** UNSUPPORTED WHEN ASSIGNED ** Improper Neutralization of Input During Web Page Generation ('Cross-site Scripting') vulnerability in Apache Archiva. This issue affects Apache Archiva: from 2.0.0. As this project is retired, we do not plan to release a version that fixes this issue. Users are recommended to find an alternative or restrict access to the instance to trusted users. Alternatively, you could configure a HTTP proxy in front of your Archiva instance to only forward requests that do not have malicious characters in the URL. NOTE: This vulnerability only affects products that are no longer supported by the maintainer.
This vulnerability carries a MEDIUM severity rating with a CVSS v3.1 score of 5.4, indicating it can be exploited remotely over the network with relatively low complexity though user interaction is required requiring only low-level privileges . The vulnerability impacts limited data confidentiality, limited integrity, for affected systems.
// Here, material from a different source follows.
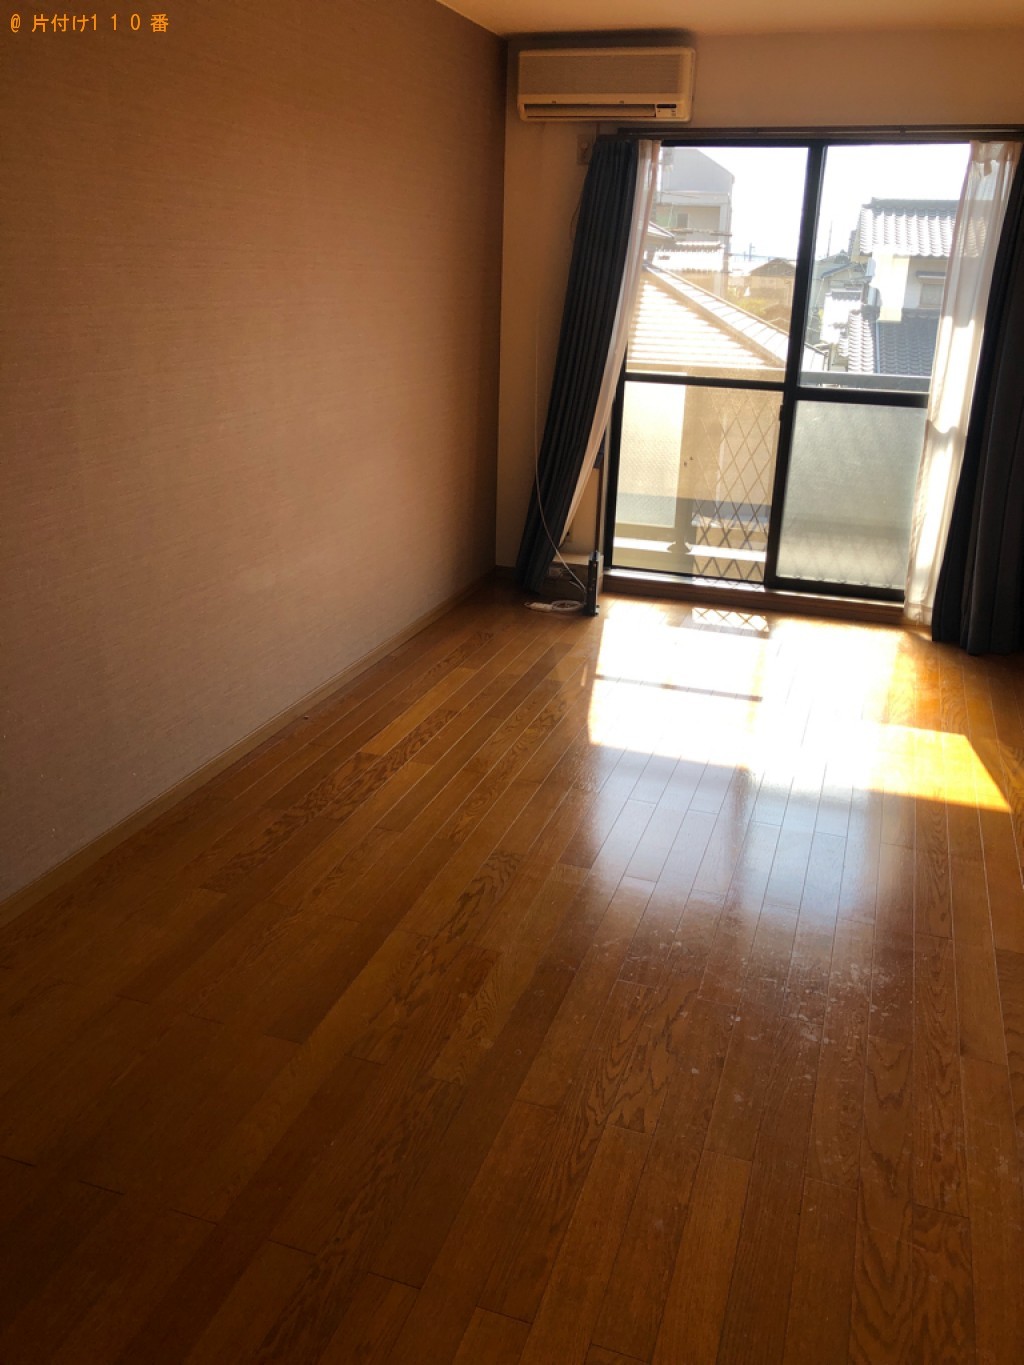 【熊本市】ソファー、ポールハンガー、椅子、家具、一般ごみ等

Impacting 1 product from apache organizations running these solutions should prioritize assessment and patching.
Reported in 2024, this vulnerability emerged during an era marked by increased sophistication in supply chain attacks, cloud infrastructure vulnerabilities, and software-as-a-service (SaaS) security challenges. Security practices during this period emphasized zero-trust architectures, container security, and API protection.
2024-03-01T16:15:46.143
2025-05-28T19:54:39.420
Analyzed
CVSSv3.1: 5.4 (MEDIUM)
SecUtils normalizes and enriches National Vulnerability Database (NVD) records by standardizing vendor and product identifiers, aggregating vulnerability metadata from both NVD and MITRE sources, and providing structured context for security teams. For apache's affected products, we extract Common Platform Enumeration (CPE) data, Common Weakness Enumeration (CWE) classifications, CVSS severity metrics, and reference data to enable rapid vulnerability prioritization and asset correlation. This record contains no exploit code, proof-of-concept instructions, or attack methodologies—only defensive intelligence necessary for patch management, risk assessment, and security operations.